◆ Work to complete: A word-for-word copy of the data, pictures excluded, is what this task asks for.
:: Source material ::
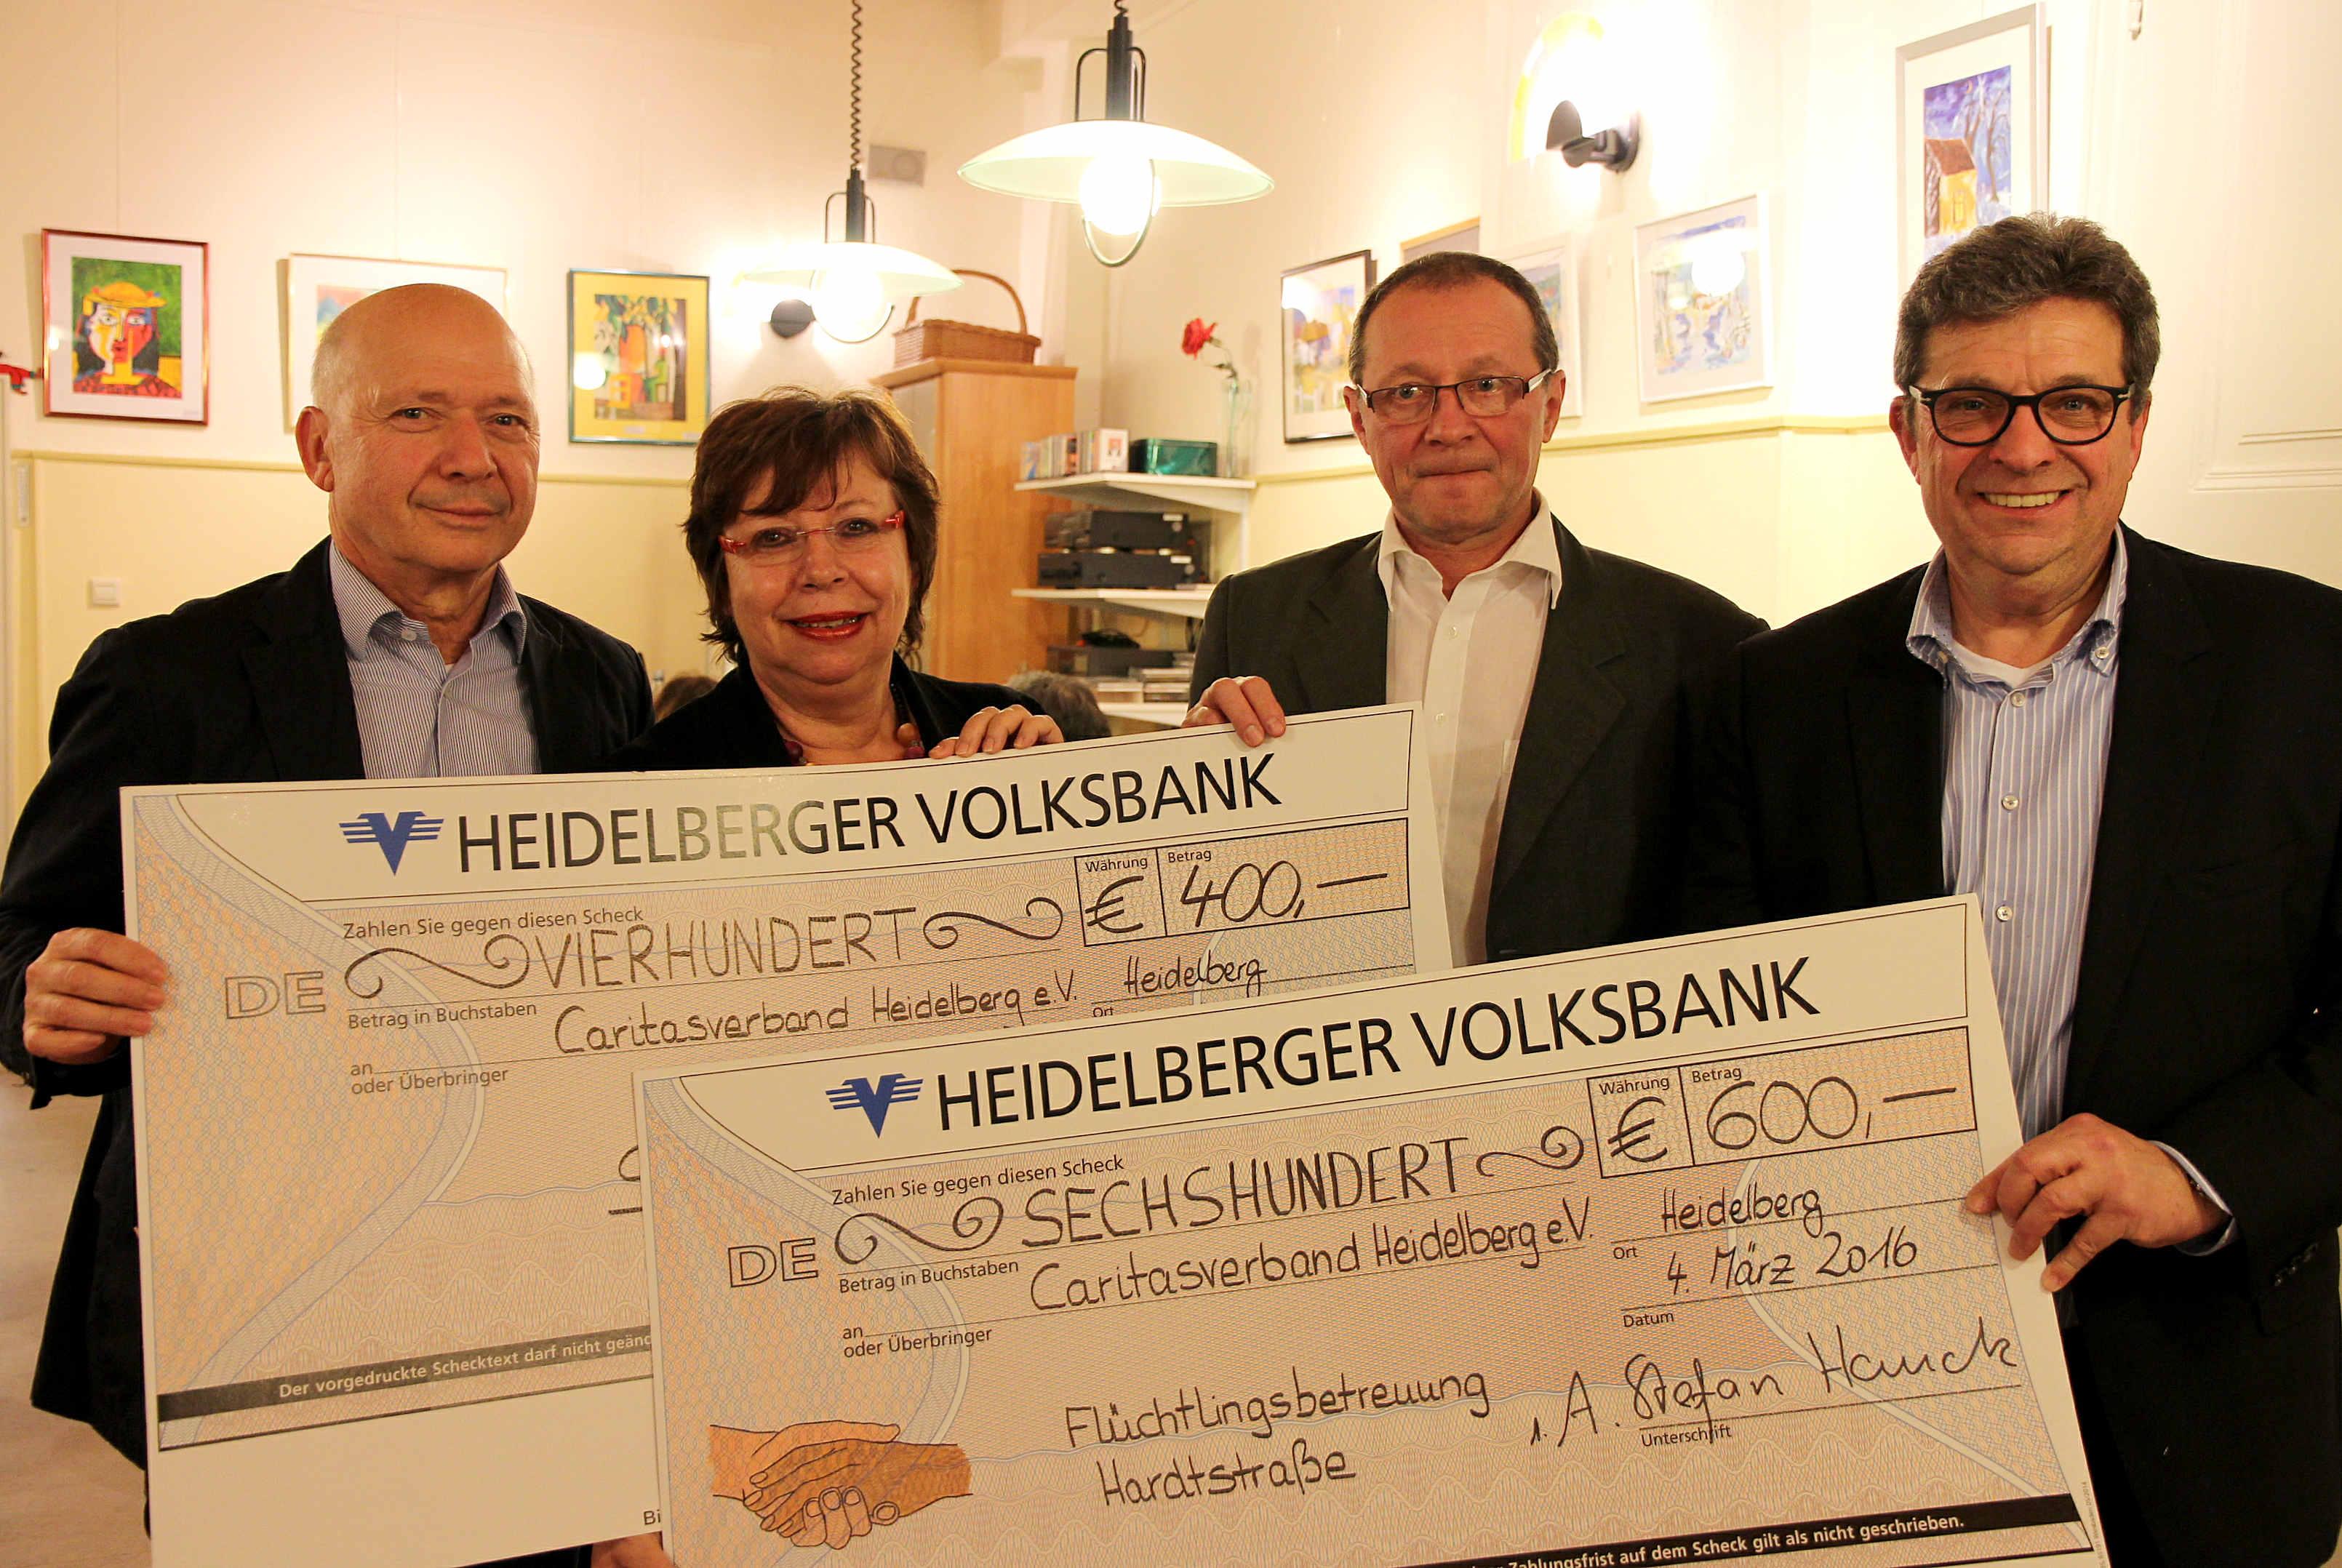 Caritas-Geschäftsführer Hubert Herrmann, Caritas-Vorsitzende Franziska Geiges-Heindl, Michael Söhner von der Volksbank und Stefan Hauck (v.l.) bei der Spendenübergabe.
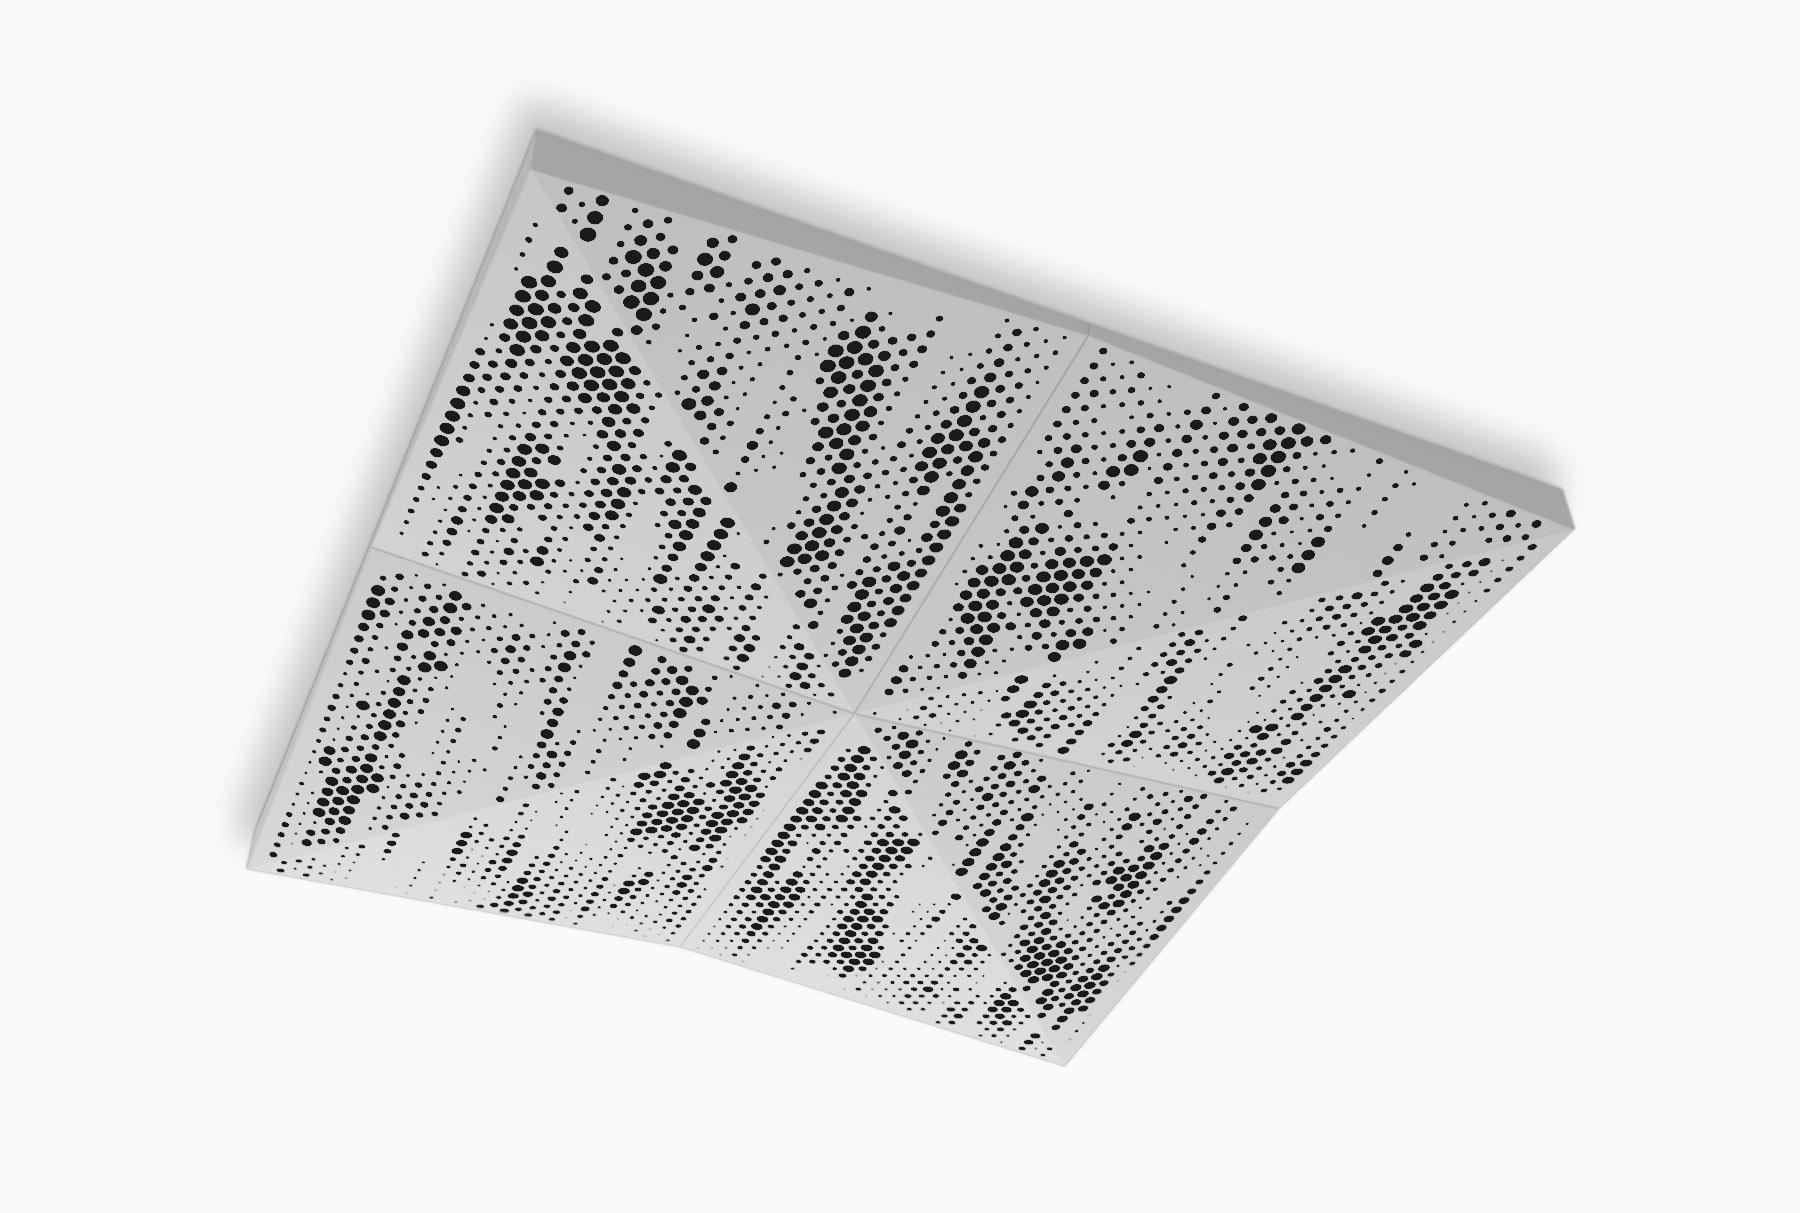 Delta Drop® 4x4 Full Circle render
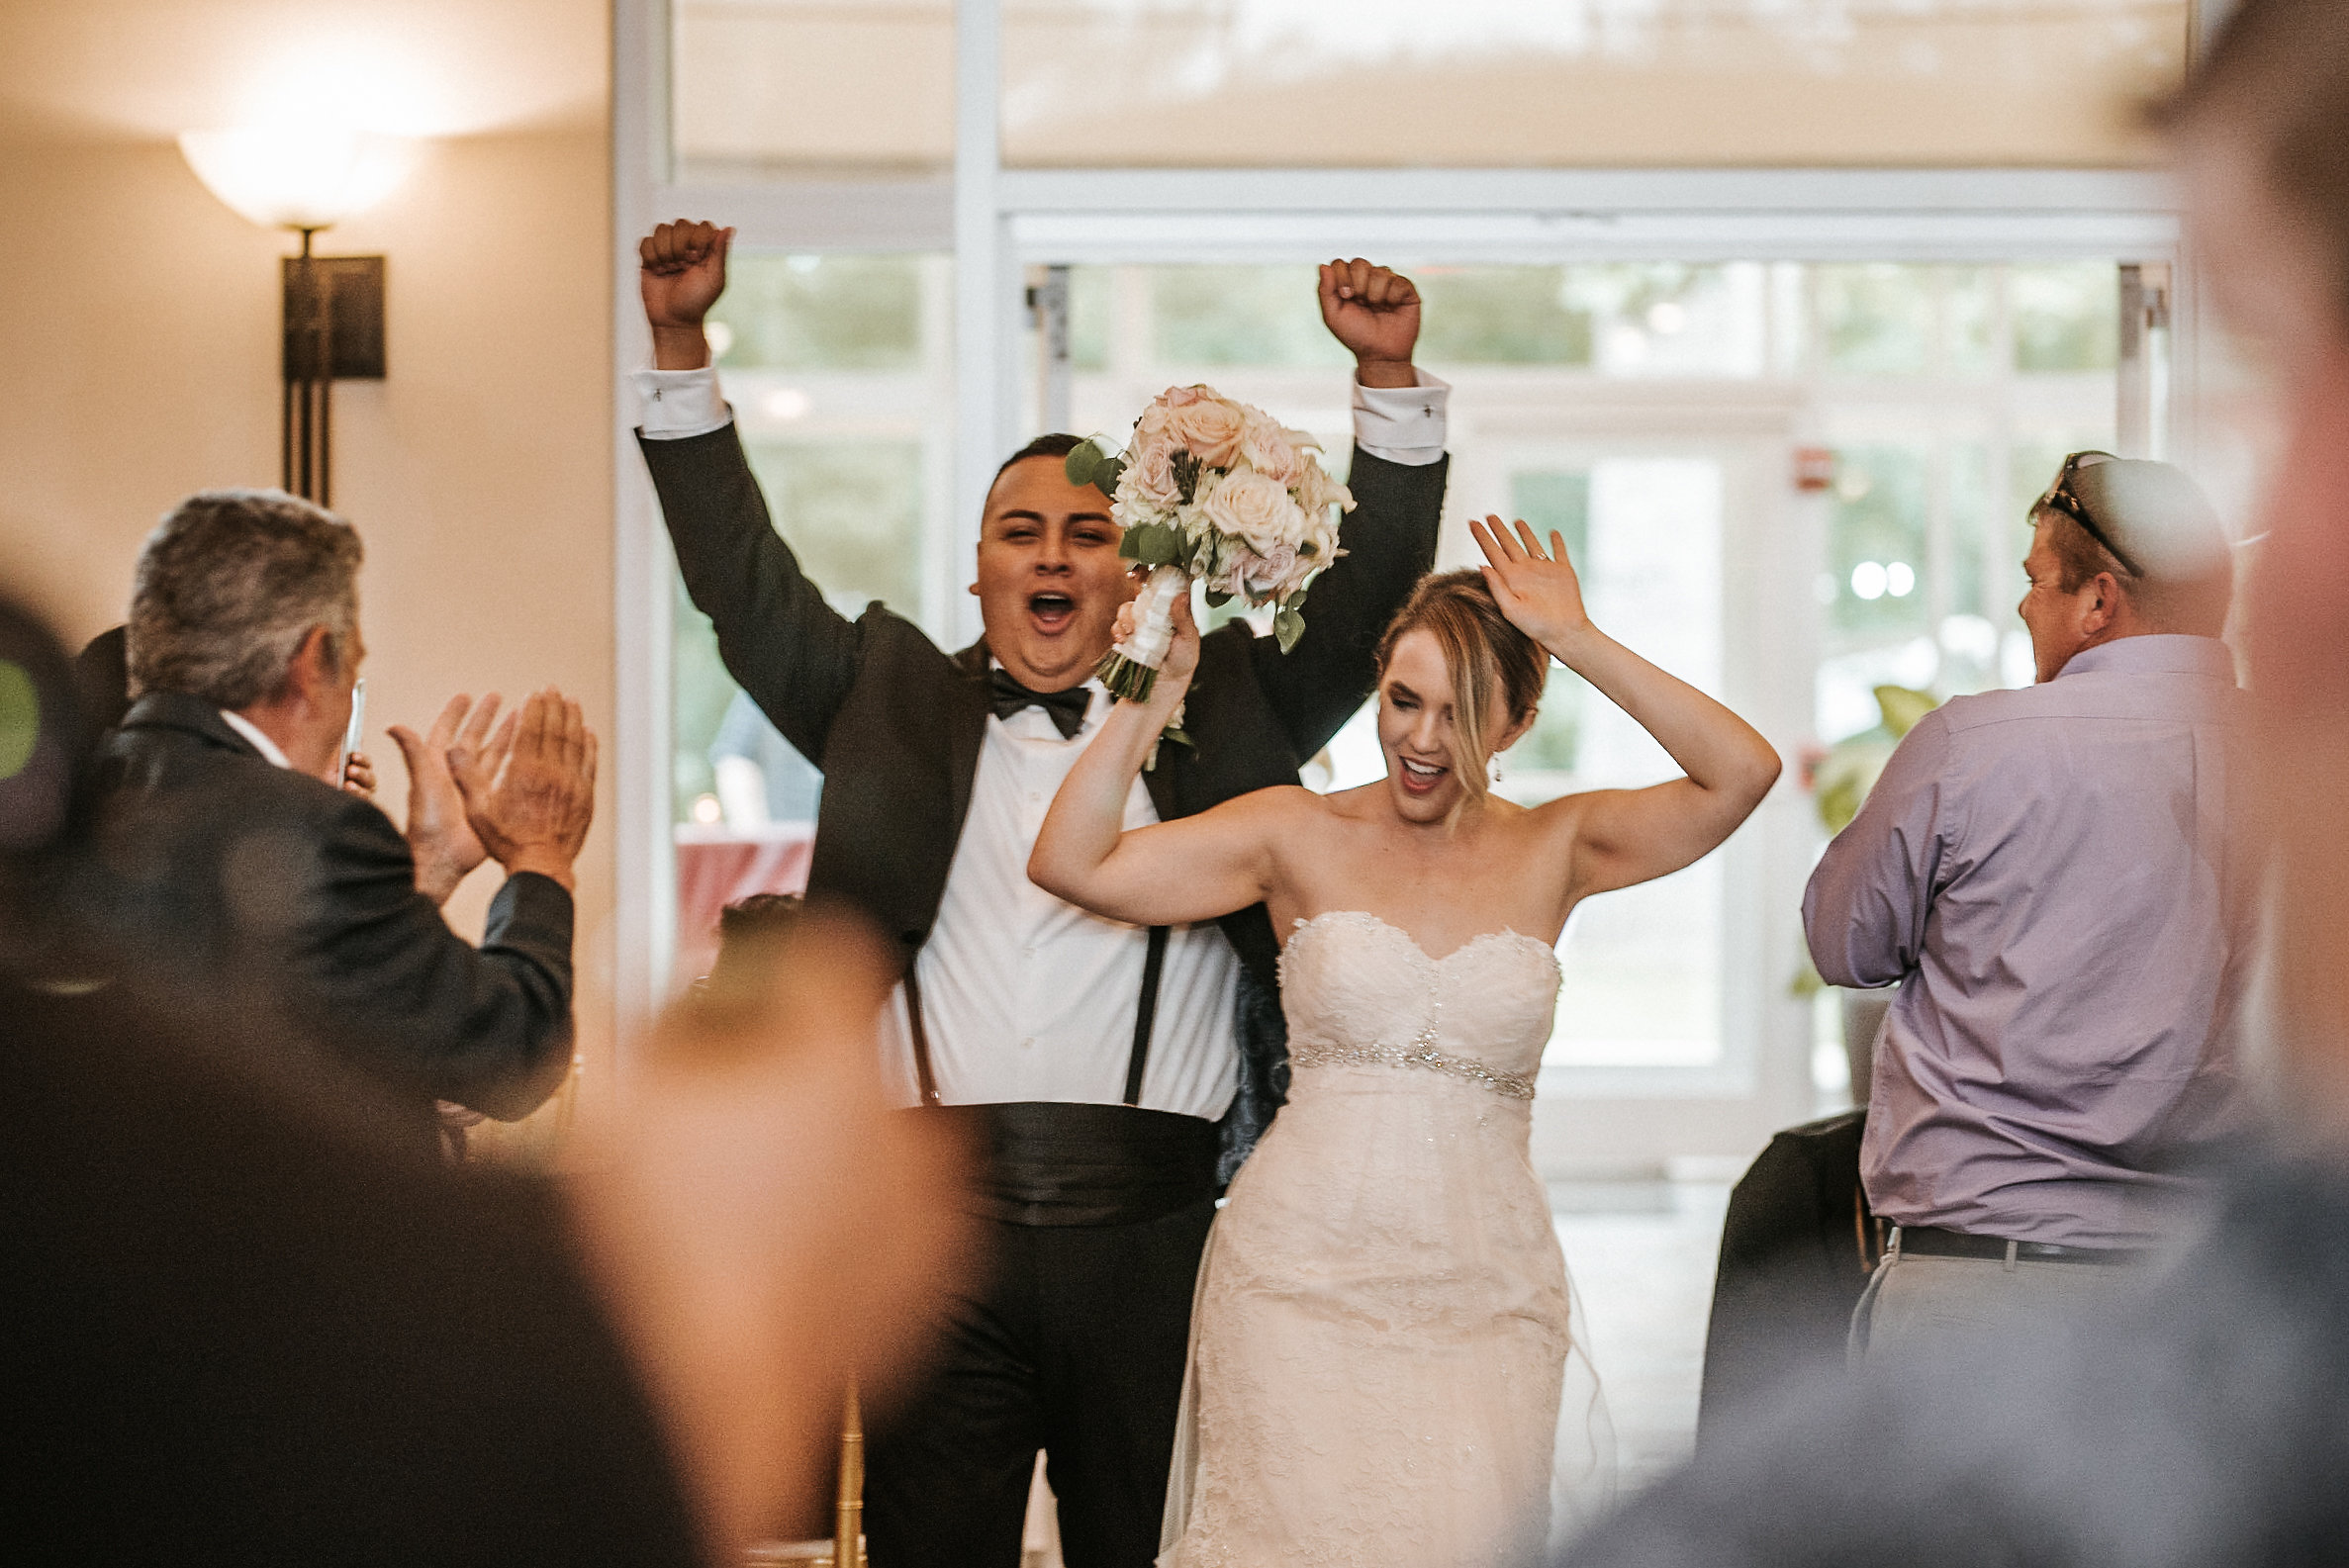 Bride and groom enetering reception
:::
◆ Response to the exercise:
 Caritas-Geschäftsführer Hubert Herrmann, Caritas-Vorsitzende Franziska Geiges-Heindl, Michael Söhner von der Volksbank und Stefan Hauck (v.l.) bei der Spendenübergabe.
 Delta Drop® 4x4 Full Circle render
 Bride and groom enetering reception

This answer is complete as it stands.